An important advance in cancer therapy has been the development of poly(ADP-ribose) polymerase (PARP) inhibitors for the treatment of homologous recombination (HR)-deficient cancers^1,2,3,4,5,6. PARP inhibitors trap PARPs on DNA. The trapped PARPs are thought to block replisome progression, leading to formation of DNA double-strand breaks that require HR for repair⁷. Here we show that PARP1 functions together with TIMELESS and TIPIN to protect the replisome in early S phase from transcription–replication conflicts. Furthermore, the synthetic lethality of PARP inhibitors with HR deficiency is due to an inability to repair DNA damage caused by transcription–replication conflicts, rather than by trapped PARPs. Along these lines, inhibiting transcription elongation in early S phase rendered HR-deficient cells resistant to PARP inhibitors and depleting PARP1 by small-interfering RNA was synthetic lethal with HR deficiency. Thus, inhibiting PARP1 enzymatic activity may suffice for treatment efficacy in HR-deficient settings.
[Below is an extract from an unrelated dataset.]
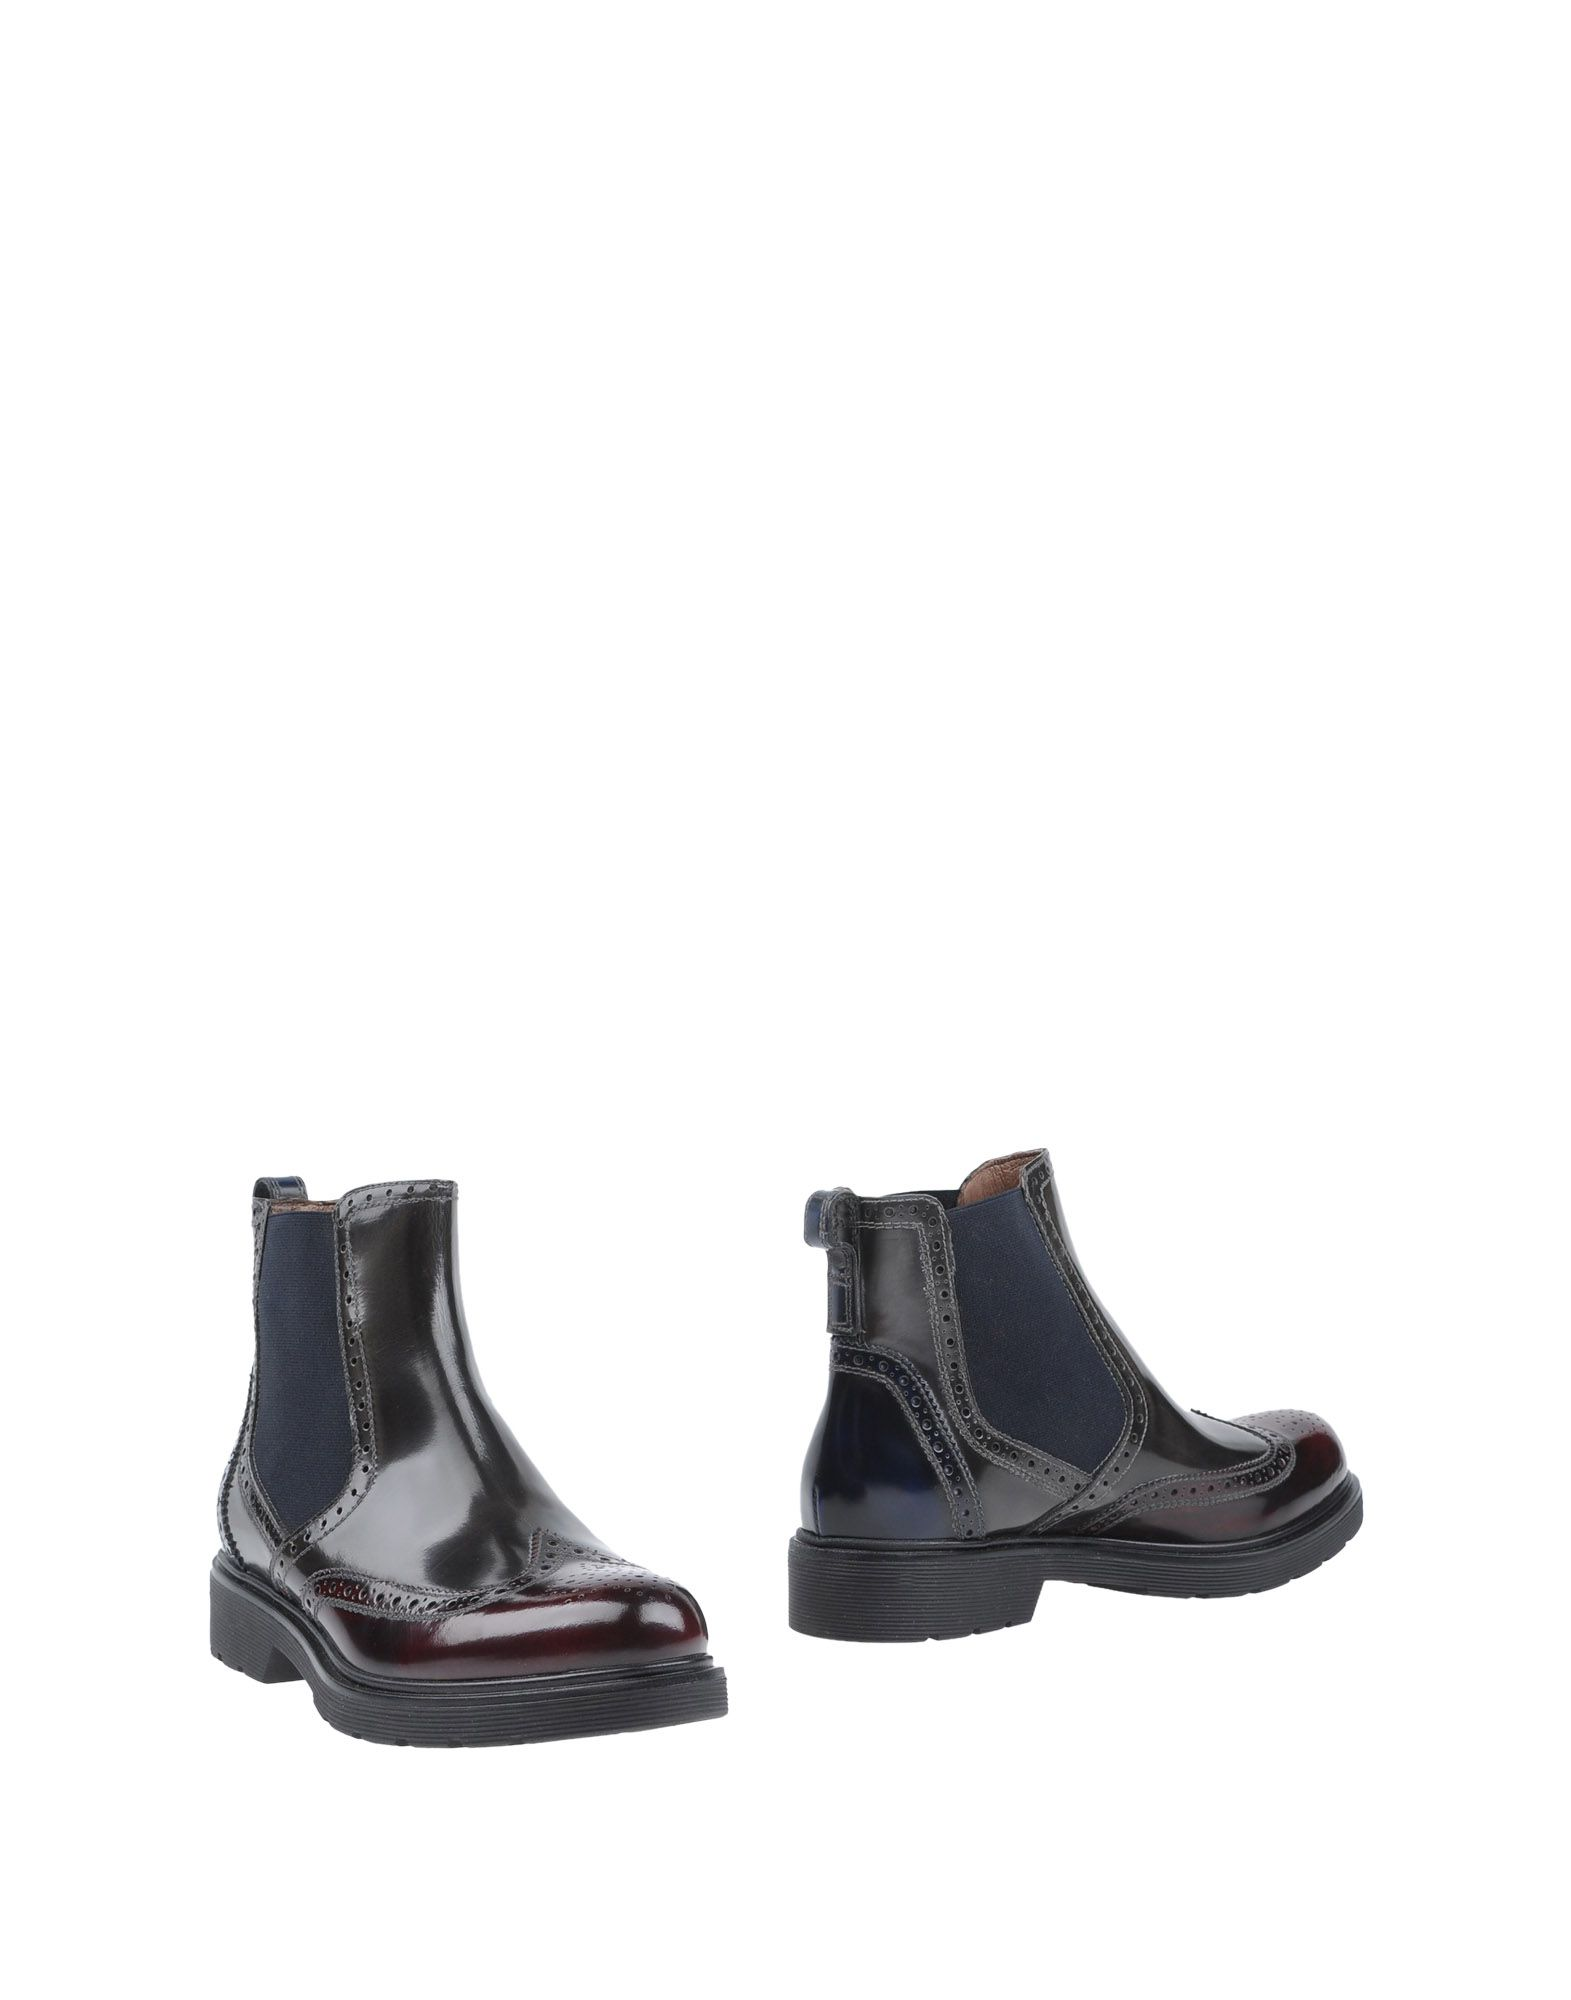 Nero Giardini Chelsea Boots Damen  11297311CT Gute Qualität beliebte Schuhe

癌症治疗的一个重要进展是聚（ADP-核糖）聚合酶（PARP）抑制剂的开发，用于治疗同源重组（HR）缺陷的癌症^1,2,3,4,5,6。 PARP 抑制剂将 PARP 捕获在 DNA 上。被捕获的 PARP 被认为会阻止复制体的进展，导致 DNA 双链断裂的形成，需要 HR 进行修复⁷。在这里，我们展示了 PARP1 与 TIMELESS 和 TIPIN 一起发挥作用，保护早期 S 期的复制体免受转录-复制冲突。此外，HR缺陷的PARP抑制剂的合成致死性是由于无法修复由转录-复制冲突引起的DNA损伤，而不是由于被捕获的PARP。沿着这些思路，抑制早期S期的转录延伸使HR缺陷细胞对PARP抑制剂产生抗性，并且通过小干扰RNA耗尽PARP1对于HR缺陷来说是合成致死的。因此，抑制 PARP1 酶活性可能足以在 HR 缺乏的情况下提高治疗效果。